DUBOIS CO., Ind. (EVANSVILLE COURIER AND PRESS) -- The train barreled through Jasper, straight toward a school bus that waited helplessly on the tracks.
Terrified schoolchildren watched as the train grew bigger and bigger in the bus windows. Finally, it swallowed everything.
The impact was catastrophic. Everyone on board was killed – except for the driver.
Some say the driver was suicidal and had parked the bus there on purpose. Others claim he was distraught, and later returned to the spot of his tragic mistake to press a gun to his temple.
On a dark night on Devil’s Road, you can still see his headless visage stumbling down the tracks.
Well – according to legend, anyway.
Any Google search of haunted places in Indiana is likely to hit upon Devil’s Road – a spot in Dubois County supposed still haunted by the victims of the horrible train-school bus collision described above.
Thrill seekers possessed by the spirit of Halloween are supposed to stop their car on the tracks and drop it into neutral. Eventually, disembodied whispers of children will fill the night and the car will lurch forward.
They’re pushing you out of the way, the legend goes. Helping you avoid their own unlucky fate. If you sprinkle baby powder across your car, you can see their handprints.
But is any of it true?
You can dismiss or embrace the ghost angle depending on your beliefs in the supernatural. But what about that gruesome train wreck?
An event like that can scar a community for decades – leave trails of ruined families in its wake. Each time the wreck’s anniversary popped up, local reporters would fall all over themselves to write remembrances.
Problem is, there doesn’t seem to be any record of such a collision ever occurring.
Believe it or not, the haunting websites are vague on details. Most of them pin the accident as happening sometime in the 1960s.
Neither the National Transportation Safety Board nor the Federal Railroad Administration reports any such accident. Granted, reports are spotty before 1975 – when the rules for documenting collisions got stricter – but no hint of a massive, deadly collision in Southern Indiana pops up anywhere.
There’s no mention of it in the Evansville Courier archives. Newspapers.com – a site that archives publications from around the country – didn’t show any sign of it in the Dubois County Herald, either.
'They just started screaming'
Sadly, there are countless examples of similar disasters.
On Oct. 23, 1974, seven students were killed and 73 injured in Georgia when a work train stocked with heavy railroad ties tumbled backward and rammed a school bus that had been crossing the tracks.
“Everybody started tumbling over the seats,” an 11-year-old passenger told United Press International at the time. “They just started screaming. And then it hit.”
The driver, Billy Kellett, suffered a concussion and fell into grief-laced shock. Rosalynn Carter, wife of then-Georgia governor Jimmy, visited Kellett in the hospital. She expressed her condolences. All he could do was mumble and turn away.
Twenty kids died in a terrible bus-train crash in Greeley, Colorado, in 1961. Three students were killed in a 1972 collision in Pennsylvania.

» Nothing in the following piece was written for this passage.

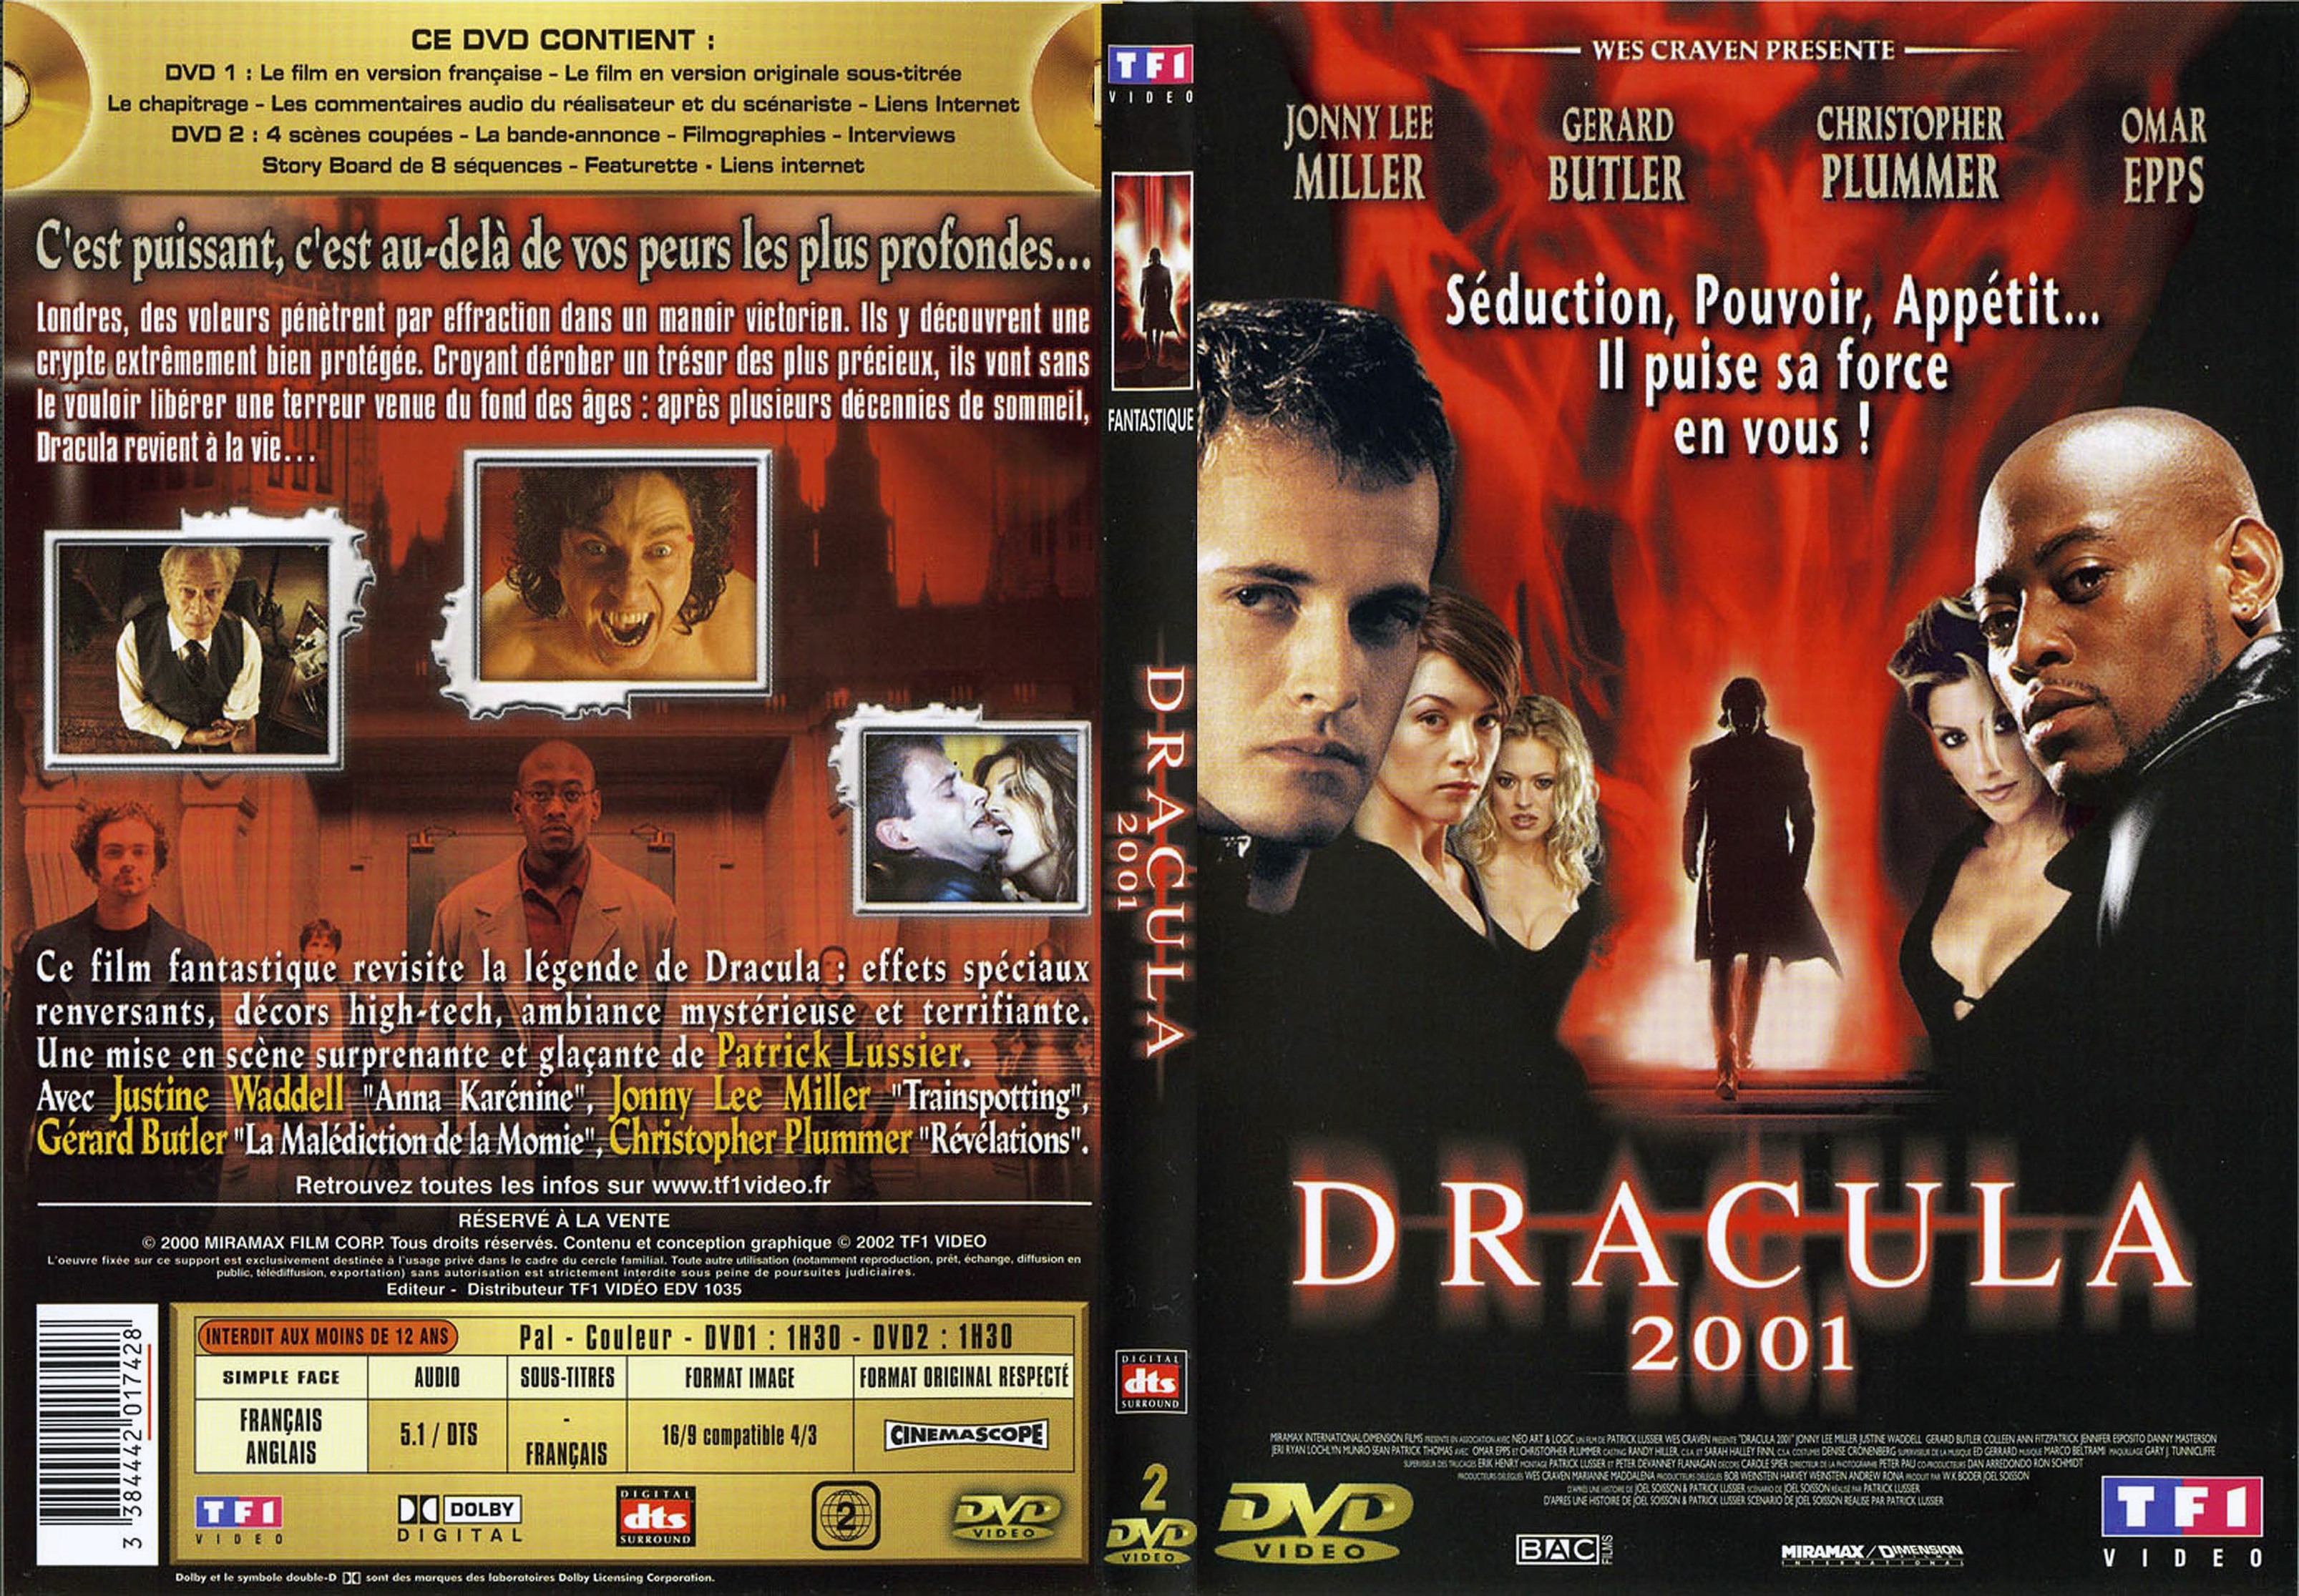 Jaquette DVD Dracula 2001 v2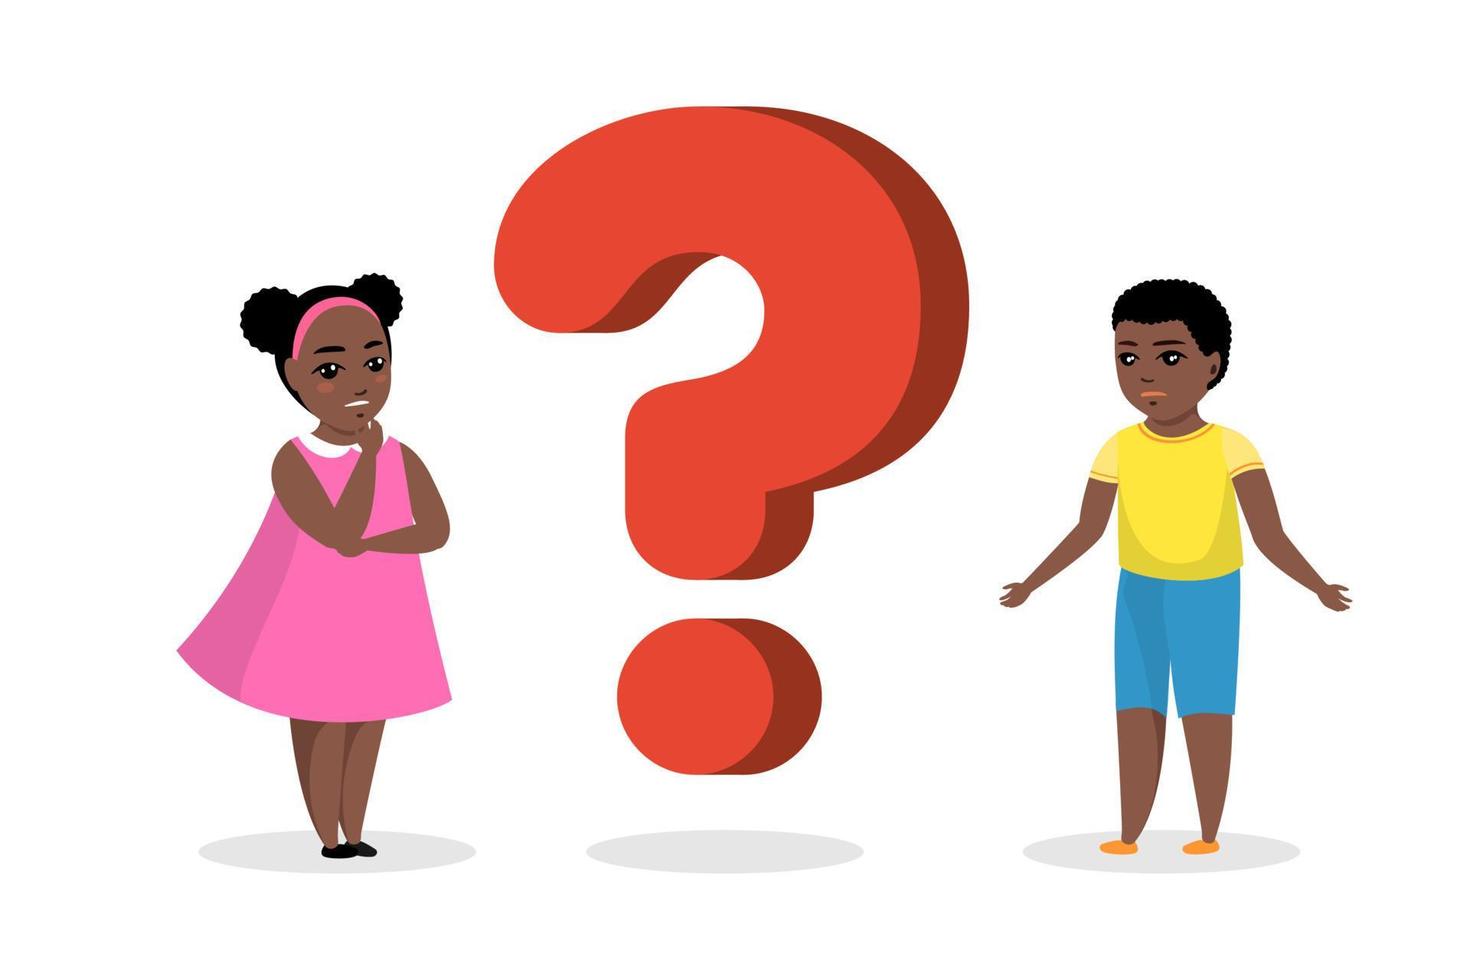 zwarte Afro-Amerikaanse jongen en meisje staan in de buurt van een groot vraagteken. concept van het verkrijgen van kennis door nadenkende jonge mensen. nieuwsgierige kinderen stellen vragen en zoeken naar antwoorden. vector illustratie

And there are many more.
One of the most infamous cases happened in 1995. Then, seven students died and 21 people were hurt when a passenger train bound for Chicago rammed into the back of a school bus and severed it from its frame.
The accident in Fox Grove, Illinois, still weighs heavily on the town more than 20 years later.
The legend of Devil’s Road sounds awfully similar to a famous ghost story in San Antonio, Texas.
Just like in Jasper, you’re supposed to park your car on the Ghost Tracks on the south end of town and wait for tiny disembodied hands – victims of a shadowy train crash long ago – to push you to safety. That story even drew the attention of the bros from “Ghost Adventures.”
But such a collision doesn’t seem to have happened there, either. Last year, the San Antonio Express-News talked to a local historian who couldn’t find any record of it.
Somehow, she said, the story got mixed up with an actual crash that occurred in Salt Lake City in 1938, when a freight train plowed into a school bus, killing 23.
Does the truth matter?
Of course, all this nitpicking may not matter.
Halloween is about having fun and getting scared. People who want to drive around remote train crossings and wait for a ghostly heave over the tracks can still do so – as long as they keep an eye out for approaching locomotives. Even when looking for ghosts, safety is key.
Friends and I did just that about 10 years ago. We put the car in neutral and waited. The night was still. The black fingers of bare trees stabbed at the even-blacker sky. The radio was off, and silence filled the car like smoke.
We waited. Then it came – a slow rocking.
Maybe it happened. Maybe our minds created it all. Either way, we stepped on the gas and got out of there.